さらに大きな理由として、各省庁が政府系金融機関を持っており、そのトップのポストは有望な“天下り”先となっていることもあげられる。
「役所が生産者寄りであることを何よりも示すのが、どこの役所も政府系金融機関を持っていて、そこのトップのポストが有望な天下り先として確保されてきたという事実だ。各省の天下り先を調べると、天下る人によってランクが設定されているが、政府系金融機関の総裁はどこの役所でも事務次官クラスの天下り先である。つまり役人の頭の中では、企業は国民より尊く、その企業よりも偉いのが企業に金を貸す銀行であり、その銀行を支配するのが日銀や政府系金融機関だと考えられているということだ」(同書より)
かつて、厚生省も「衛生水準の向上および近代化の促進に必要」な融資を行う政府系金融機関・環境衛生金融公庫を有し、事務次官が天下りしていた過去がある。なお、1999年10月1日に国民金融公庫と統合され、国民生活金融公庫となった。
企業に法令を順守させるべき厚生労働省の有望な天下り先は、企業を支援する政府系金融機関という構図……。
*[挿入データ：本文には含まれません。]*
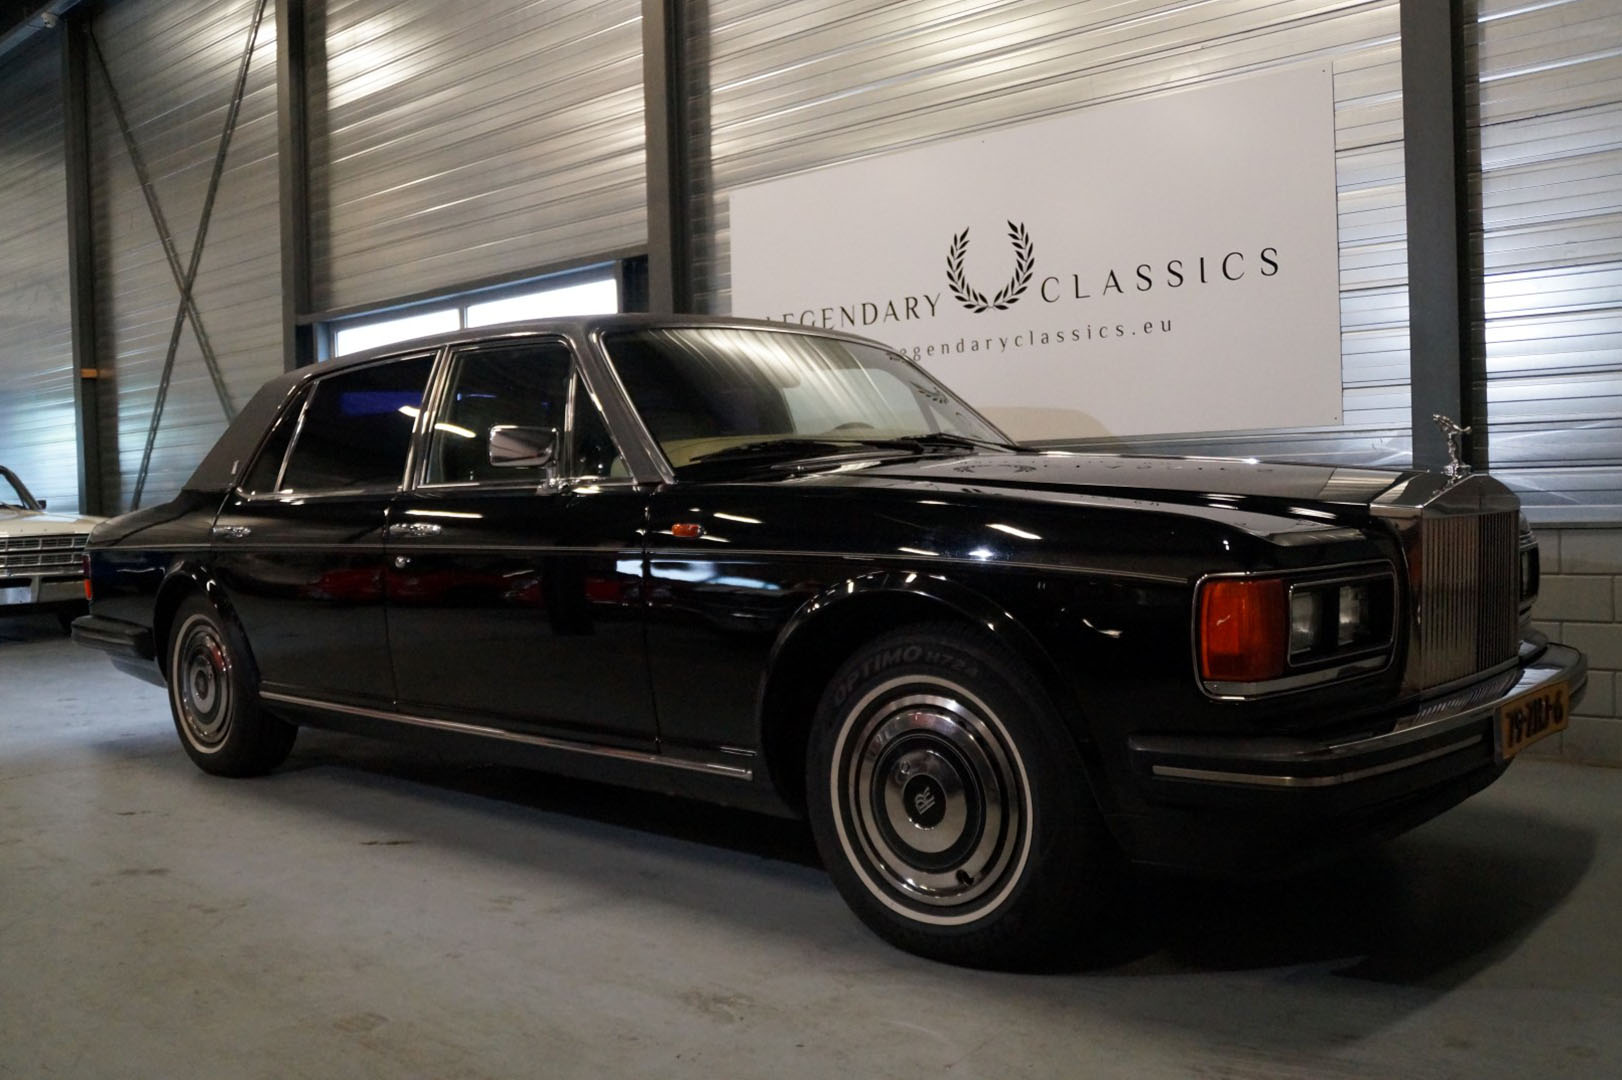 Buy this Rolls Royce silver spur   at Legendary Classics

官僚出身の著者が「政官業癒着」というように、厚労省は企業ベッタリになってしまっているのだ。
一方、労働者に対してはどうか。労働者に不利な規制緩和ばかり進んできたことについて『ニッポンの規制と雇用』は、労働者に政治的後ろ盾がないことを指摘する。
「規制緩和の実態はドロドロした権力闘争であり、政府がどの分野を取り上げるかは、役所とその応援団の力次第という側面がある。(略)ある時、規制緩和担当の事務局に対して『なんで労働規制ばかり取り上げるんですか? もっと他に取り上げるべき規制があるでしょう!』と文句を言ったことがある。担当者は悪びれもせず『だって自民党に(労働者の)応援団もいないでしょ。取り上げやすいじゃないですか』と答えた」というのだ(同書より)。
労働組合があるじゃないか、との指摘もあるが、日本の労働者は「企業別労働組合」によって分断されている事情がある。とくに非正規労働者については強い圧力団体をもっておらず、なんの政治的な力もない。ようするに、政府は一番弱く、やりやすいところから、狙い撃ちして規制緩和をしてきたのだ。
しかも、この労働規制緩和は安倍政権になってさらにエスカレートされる方向にある。「モノ発言」の厚労省課長が口にした派遣労働者受け入れ期間の制限をなくす労働者派遣法改正案、事務職の一部を対象に労働時間規制の適用を除外し、時間ではなく成果で賃金を支払う「ホワイトカラー・エグゼンプション」導入を盛り込んだ労働基準法改正案も今通常国会で議論される予定だ。
この流れを止めないと、我々国民は永遠に「モノ扱い」され続けることになるだろう。